Hat schon jemand einen Synchronmotor an einem Standardumrichter betrieben ?

Auf was sollte ich noch Aufpassen und bin ich mit der quadratischen U/F auf dem Holzweg ?


----------



## doctorVLT (16 Dezember 2015)

Synchron oder PM Synchron?
Kann der Lenze nicht OpenLoop geregelt oder nur U/f Vorgabe?
Würde erstmal ohne Motor Hochlauf schauen....ob Kennlinie passt.
Wie ist FU ausgelegt?
Ansonsten mal kurz mit DC-Halte oder DC Bremse auf Pol ziehen und ab da losfahren....evtl.
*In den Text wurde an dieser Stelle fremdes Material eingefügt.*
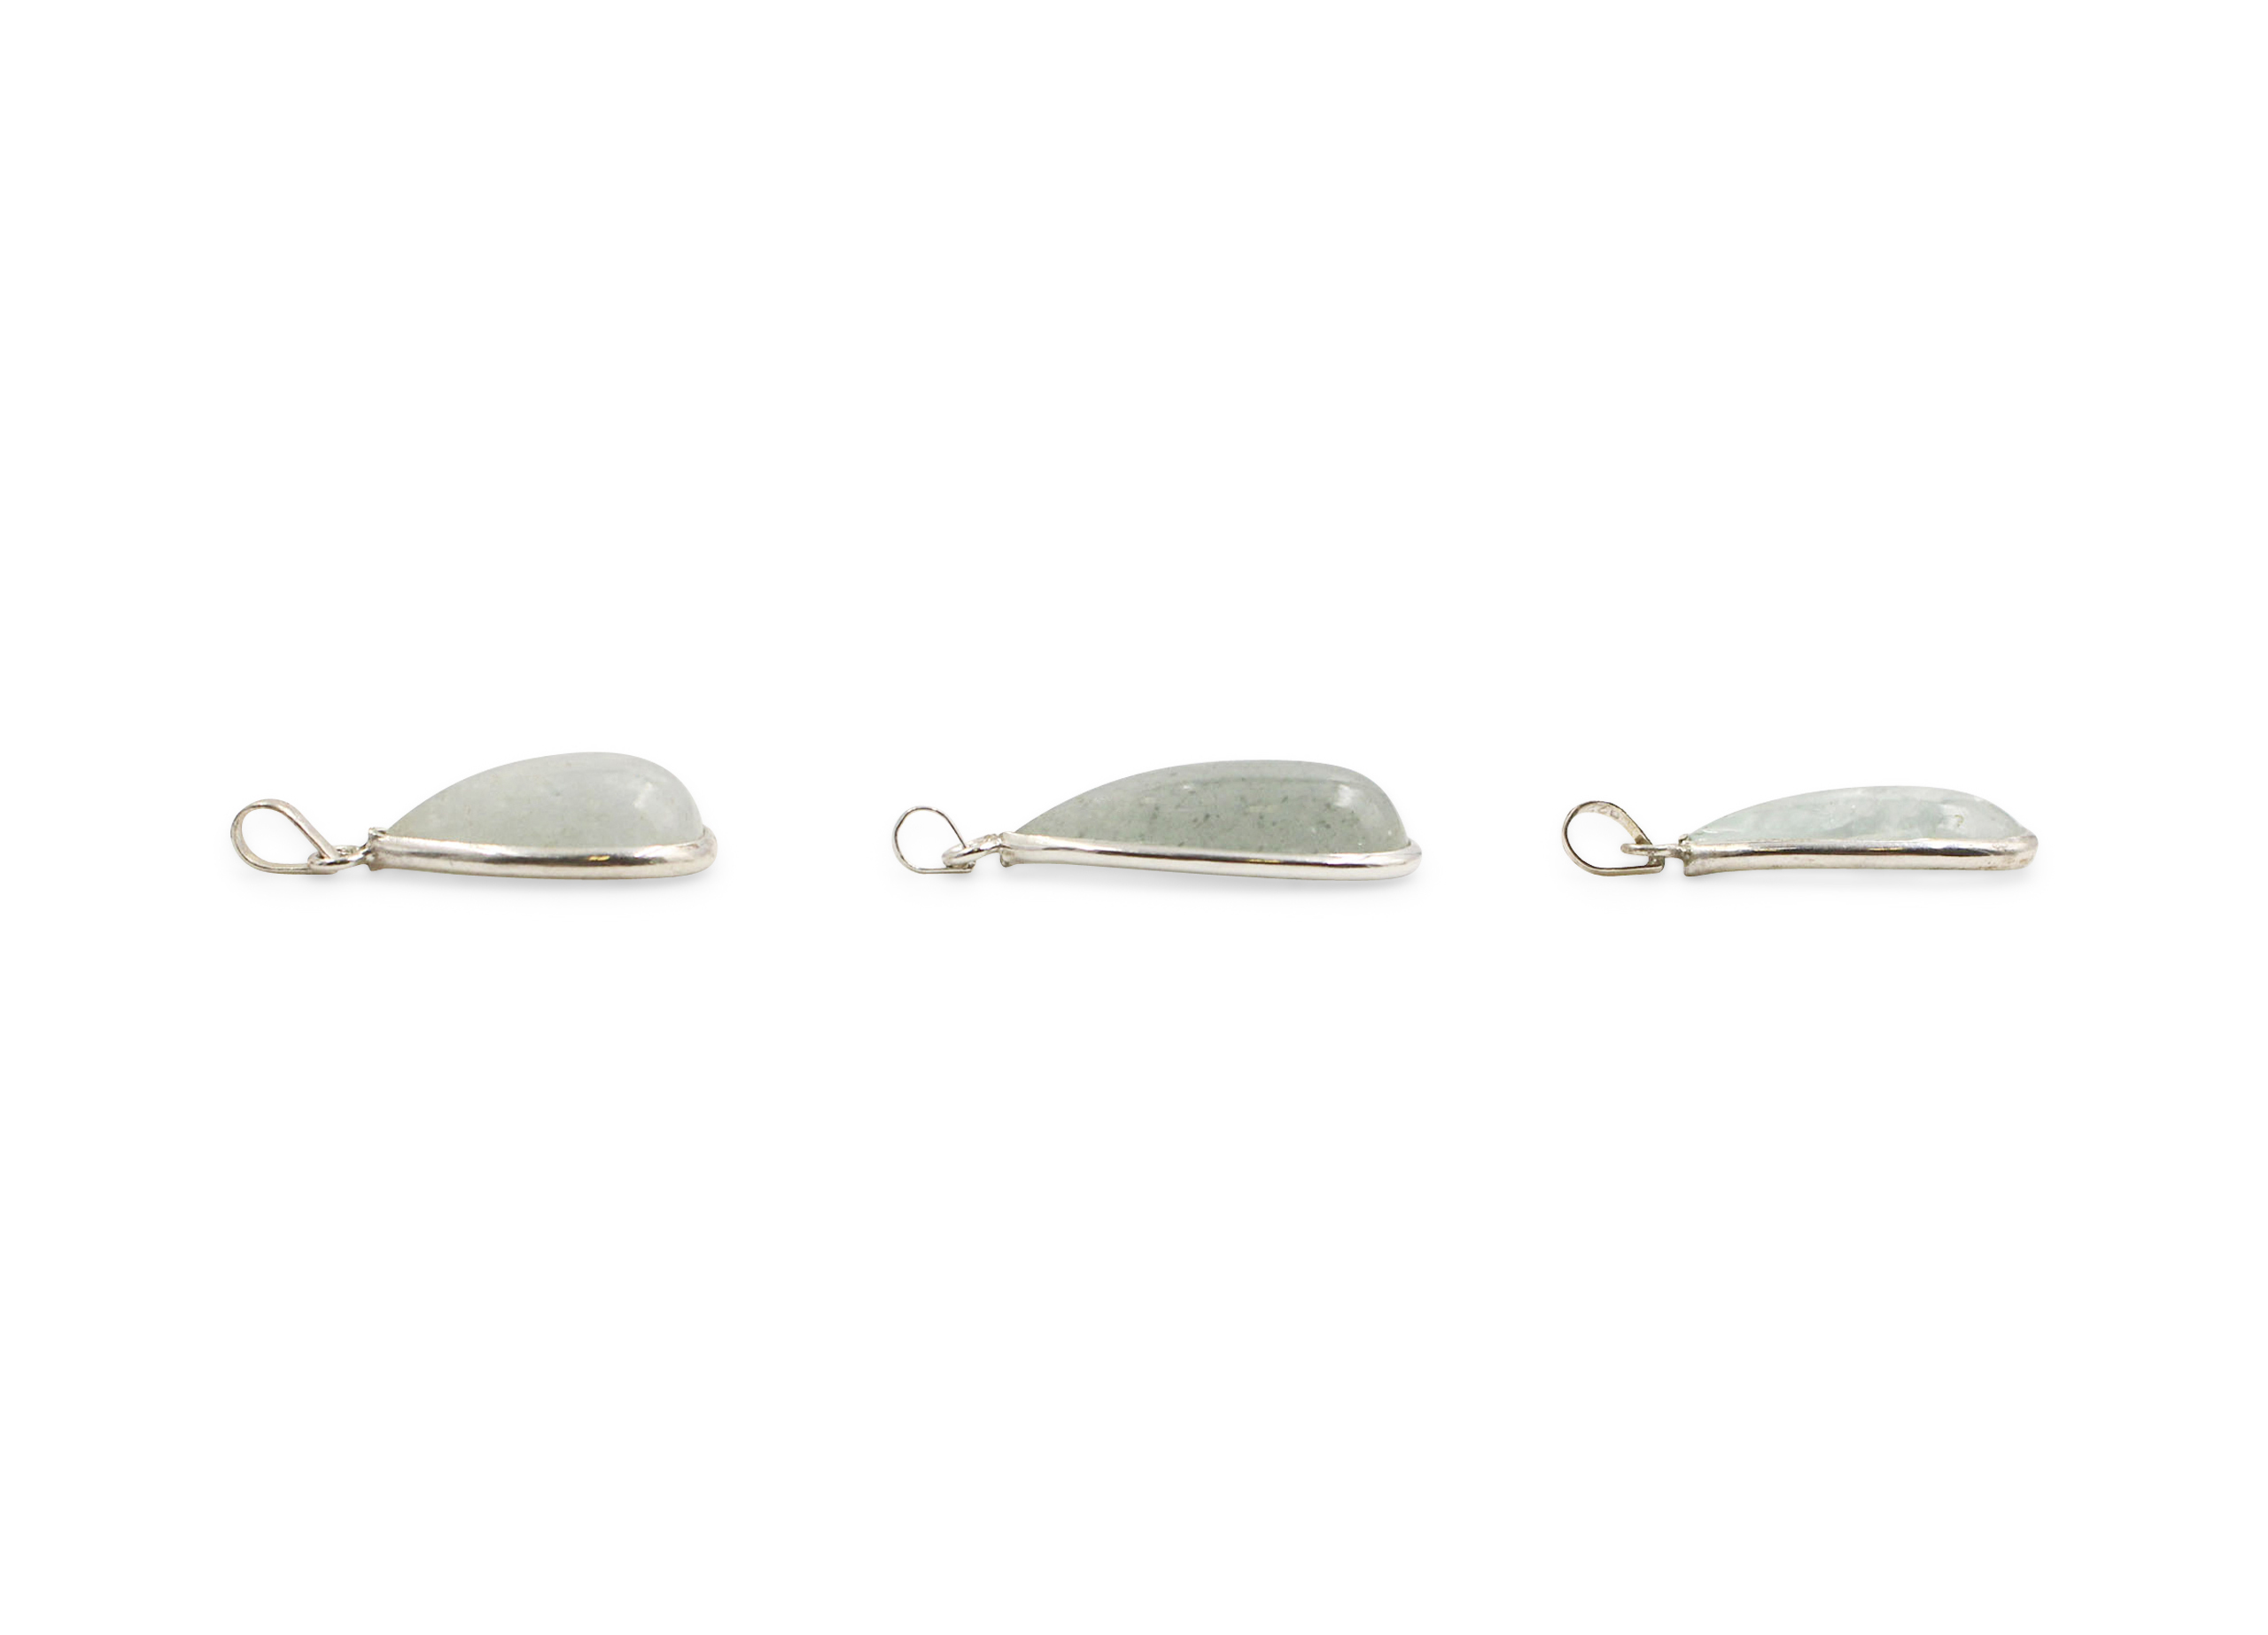 Aquamarine "Drop" Cabochon Sterling Silver Pendant - Crystal Dreams

Offset.

Man kann noch vieles testen / überprüfen.
RS mal und Ld....wenn PM dann Spannung z.B bei 1000UPM als GegenEMK usw usw.
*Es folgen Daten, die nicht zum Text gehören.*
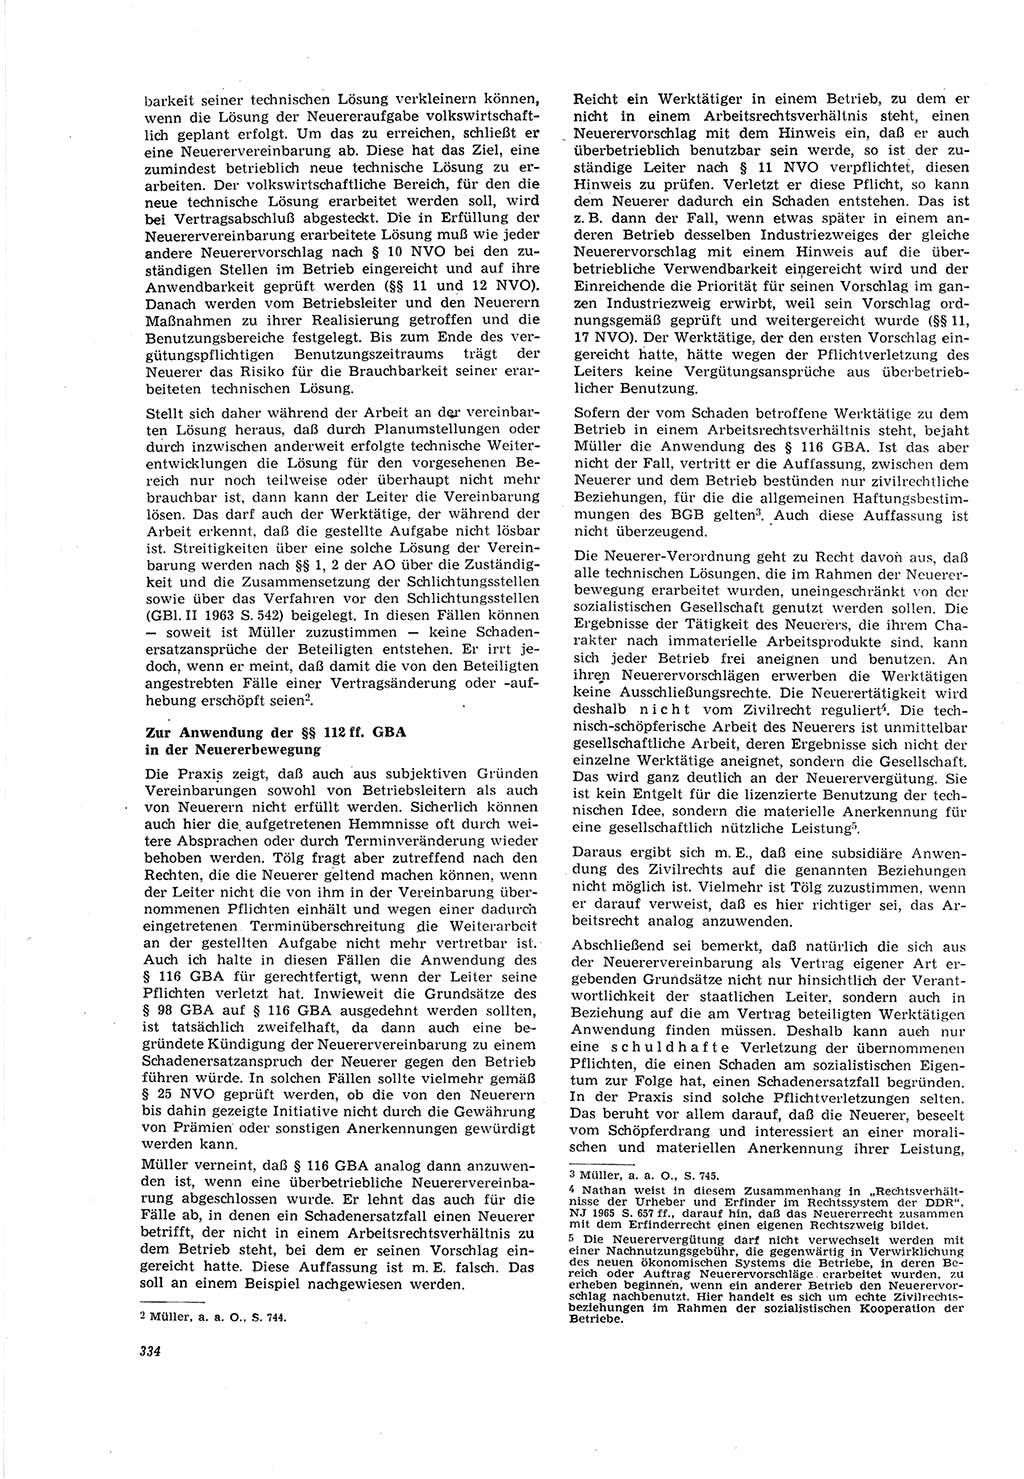 Neue Justiz (NJ), Zeitschrift für Recht und Rechtswissenschaft [Deutsche Demokratische Republik (DDR)], 20. Jahrgang 1966, Seite 334 (NJ DDR 1966, S. 334)

Mehr Infos wenn du den exakten Motor mal schreibst und welche FU genau

Gruß
DOC


----------



## gravieren (17 Dezember 2015)

ACHTUNG:

Bei Ausfall der Netzspannung  . . .

Wenn der Motor auf Nenndrehzahl ist . . .
Erzeugt der Motor bei Netzausfall/Störungen  extrem hohe Spannungen   ! ! !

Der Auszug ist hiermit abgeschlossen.